Leakey Calls on Developed Nations to Help Save the Mountain Gorilla

According to noted Kenyan environmentalist Richard Leakey, mankind’s closest animal relatives, the great apes, are facing extinction and need urgent action in order to survive.

Leakey said the combined threat from human population expansion, poaching for bushmeat and uncontrolled logging was such that gorillas, chimpanzees, bonobos and orangutans need large tracts of land fenced off for their safety. Experience in Kenya, where Leakey was head of the Wildlife Service from 1989 to 1994, showed that fencing an area dramatically reduced the population pressure and poaching.

The United Nations estimates there are some 450,000 great apes left in the world and conservationists fear they could become extinct within 10 to 15 years if no action is taken. Leakey, a paleoanthropologist, conservationist and politician who has spent a lifetime in the public eye, called on businesses and government not only to come up with money but also exert leverage to put great apes on the international agenda.

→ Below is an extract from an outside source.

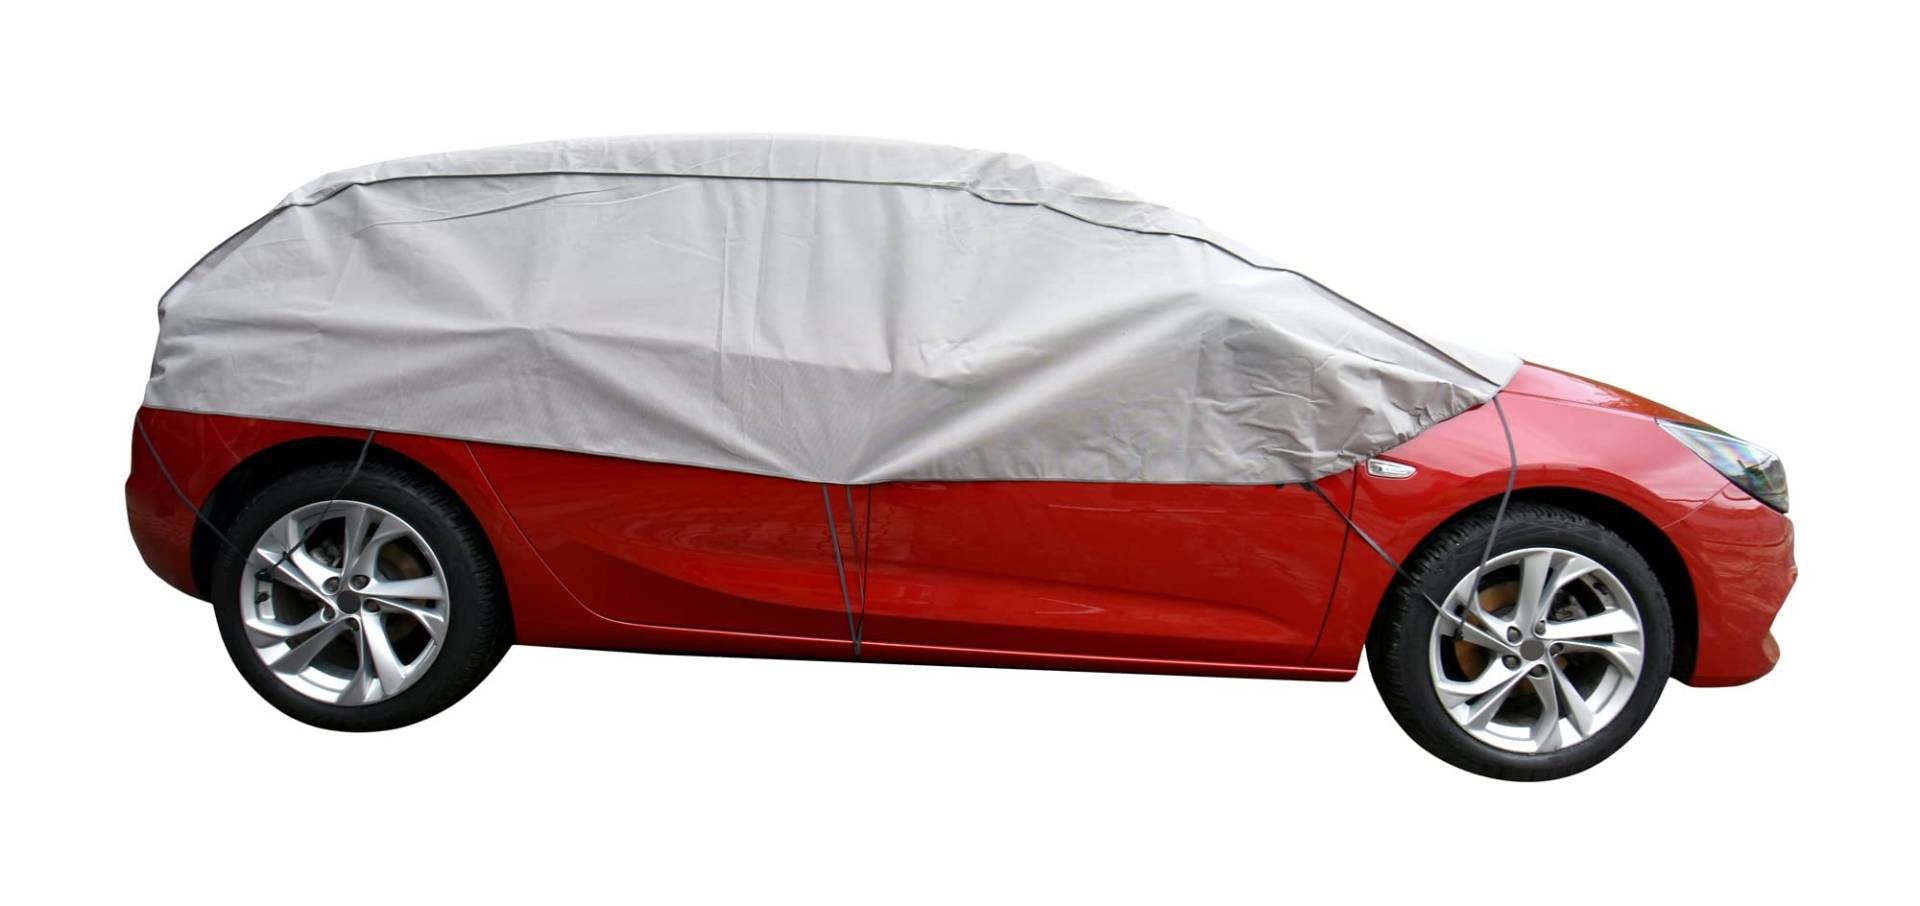 Scheibenschutz Halbgarage für Winter Sommer Herbst kompatibel mit Hyundai Kona - Autoabdeckung Kleinwagen grau Aussen und Ihnnen Bereich von Z4L

He said the poorer nations in Africa and Asia with threatened great apes could not be expected to shoulder all the cost themselves. “The world must wake up to the fact that poor countries can’t bear the financial burden and arrest their development simply because the richer countries feel sentimental,” he says.

Leakey is heading the U.N.-based Great Apes Survival Project campaign to raise a minimum of $25 million to be spent over the next three years.